# [Data below]
========
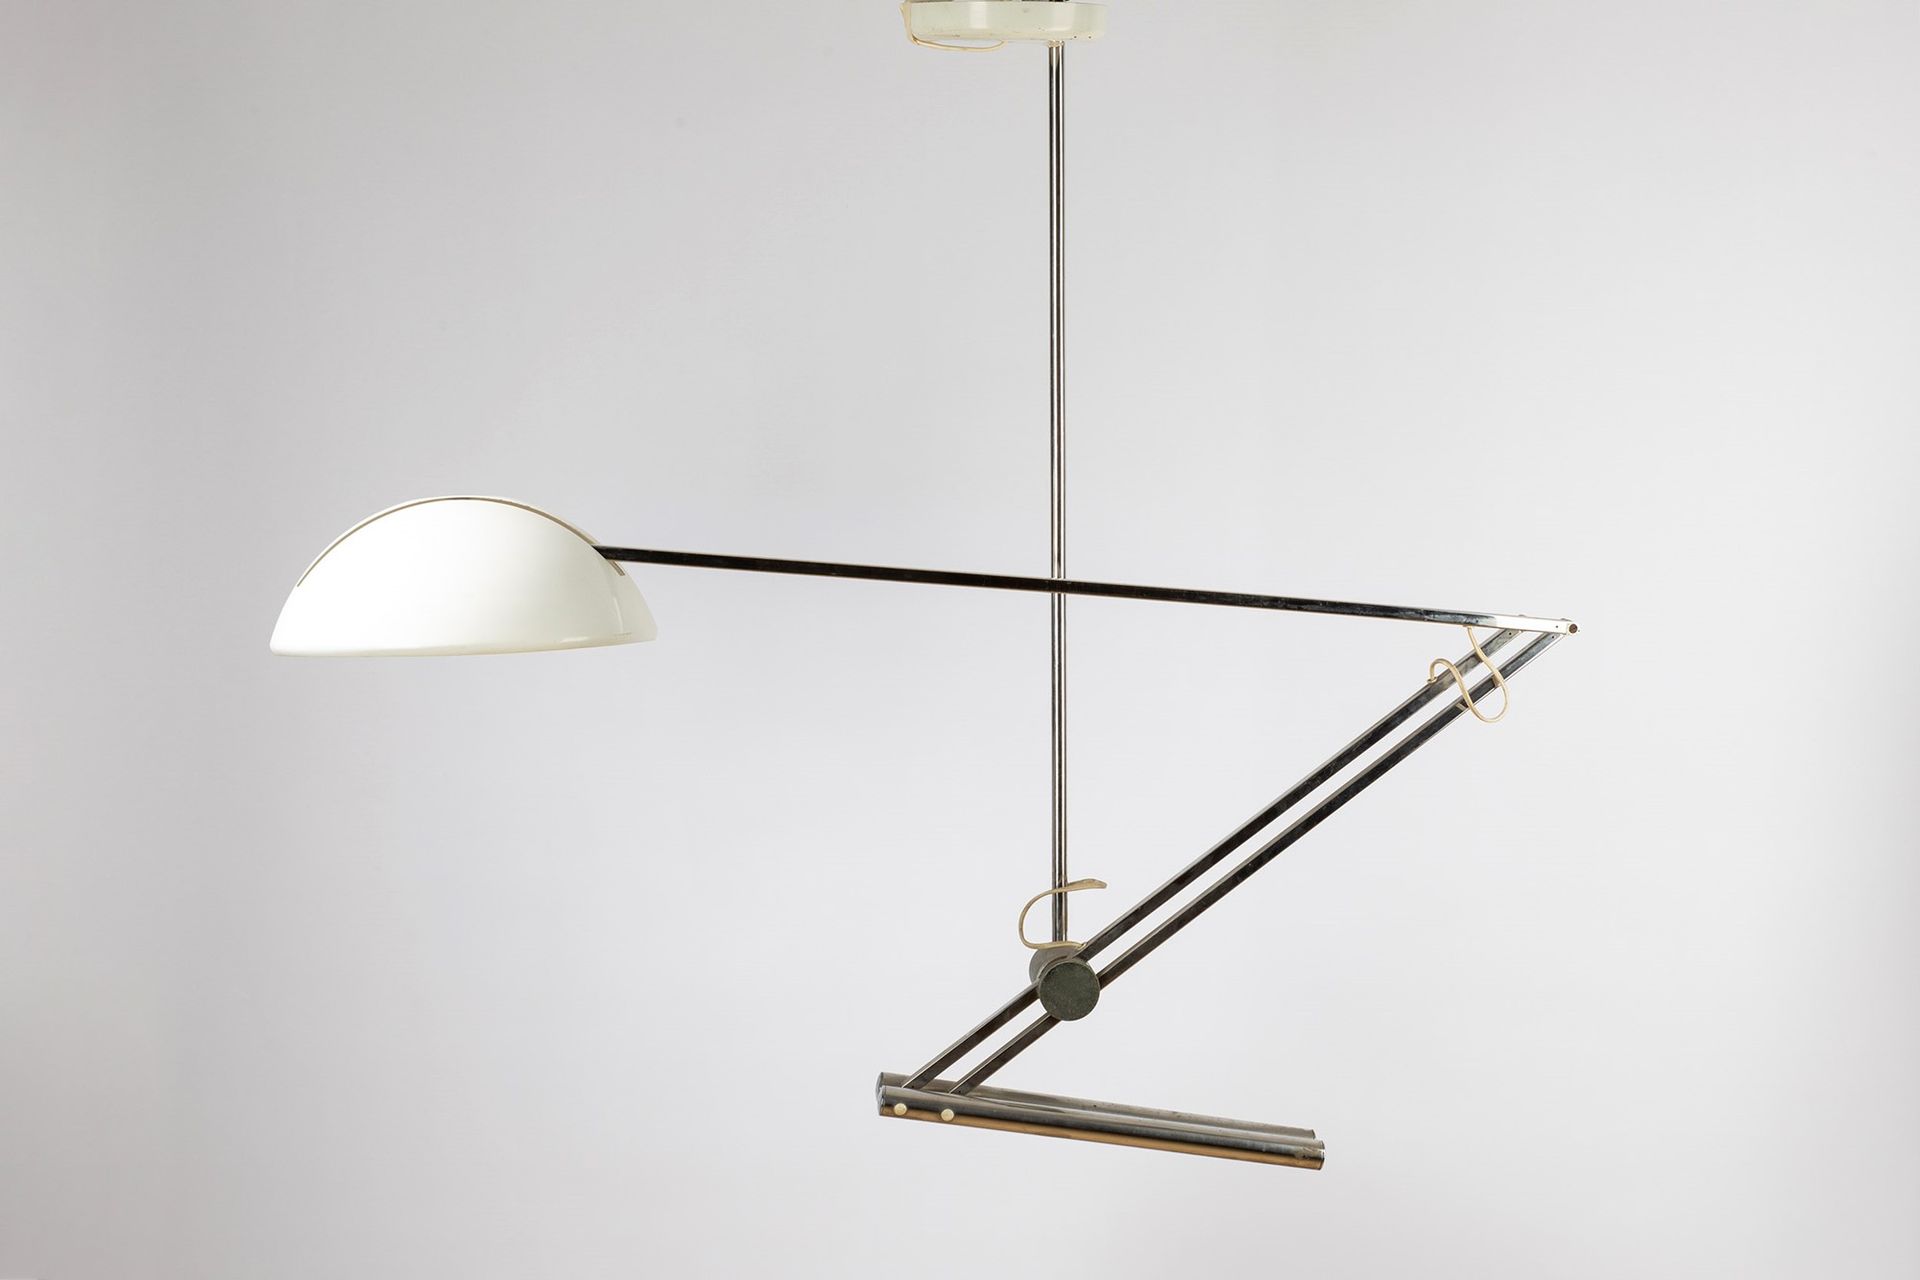 ITALIAN MANUFACTURE Pendant lamp, 60's period

h cm 116 x 122 x 34
with adjustab&hellip;
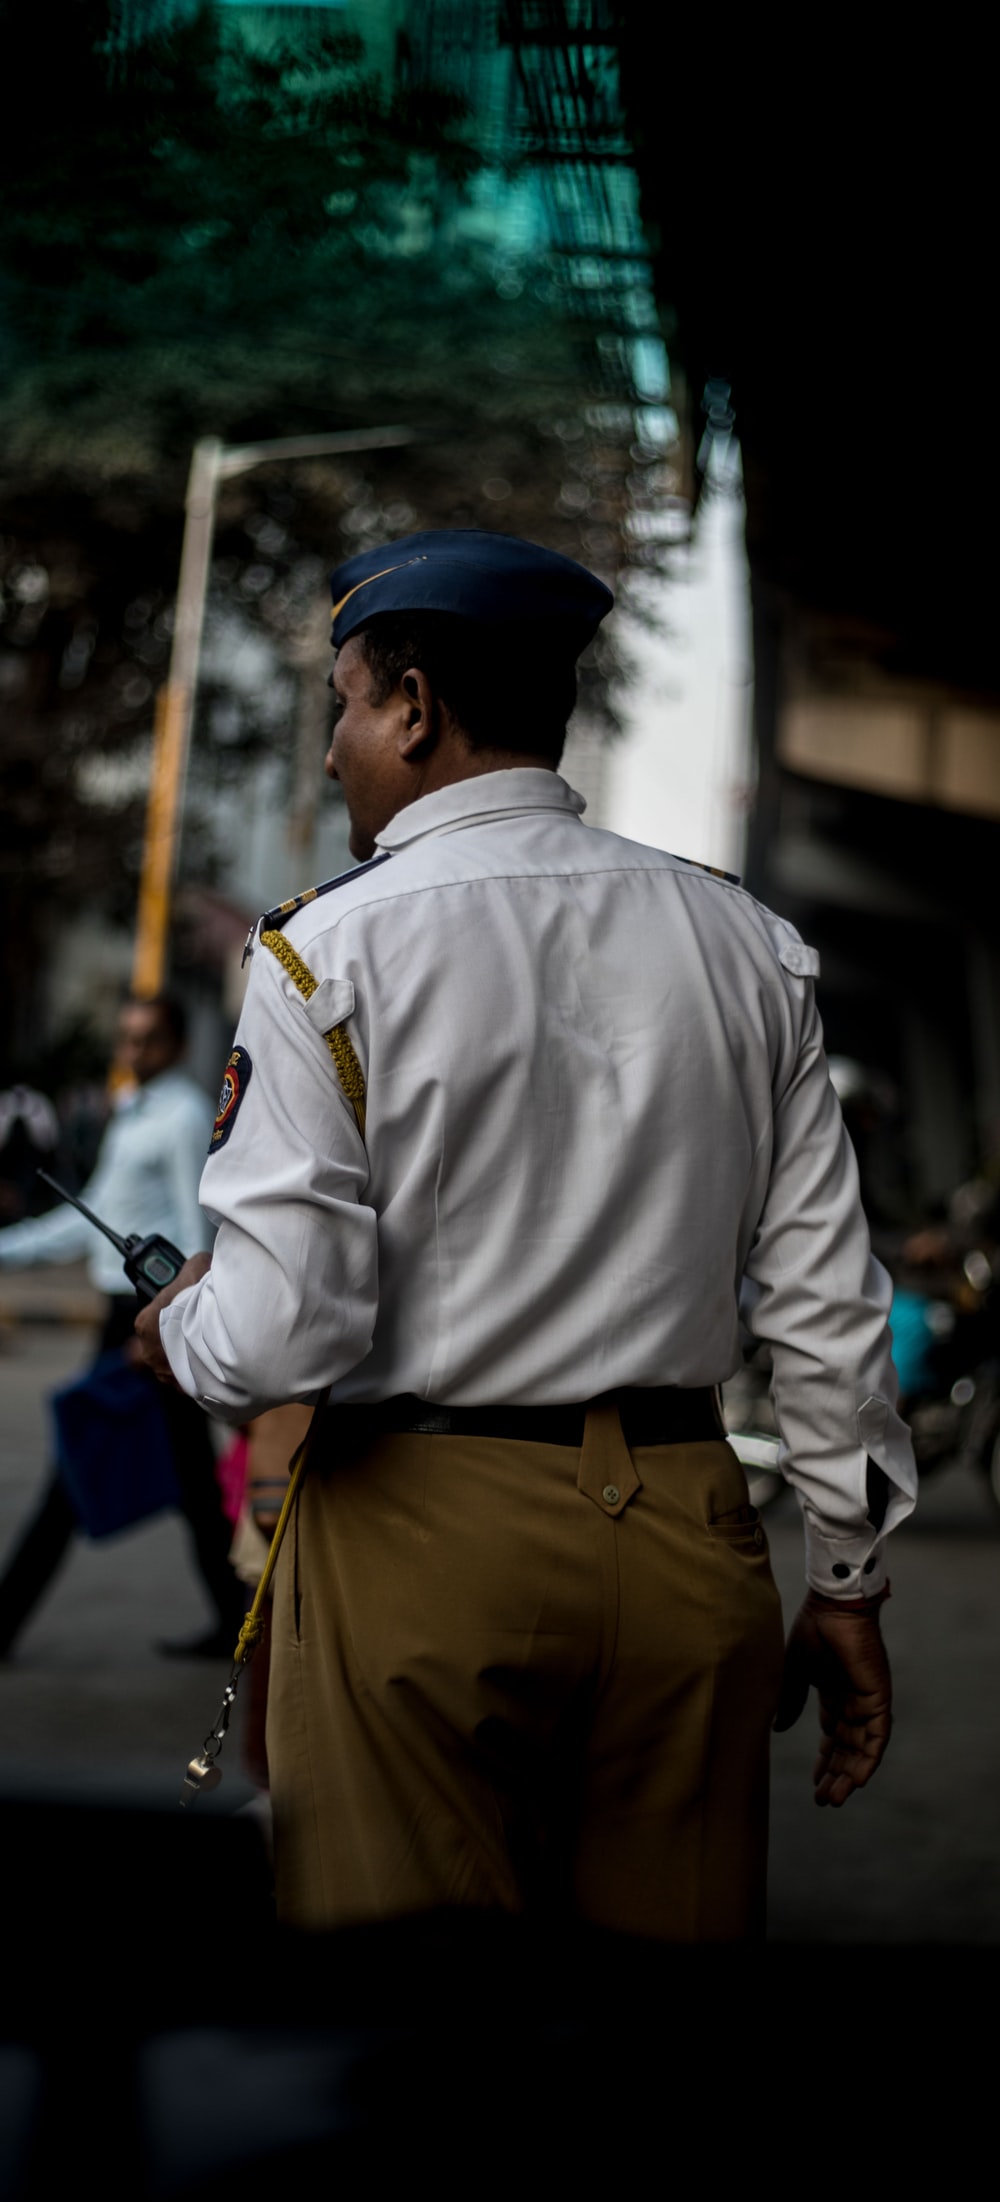 Mumbai Police Picture. Download Free Image
========
# [Exercise brief]
Retype the data above exactly, dropping every picture.

# [Exercise output]
 ITALIAN MANUFACTURE Pendant lamp, 60's period

h cm 116 x 122 x 34
with adjustab&hellip;
 Mumbai Police Picture. Download Free Image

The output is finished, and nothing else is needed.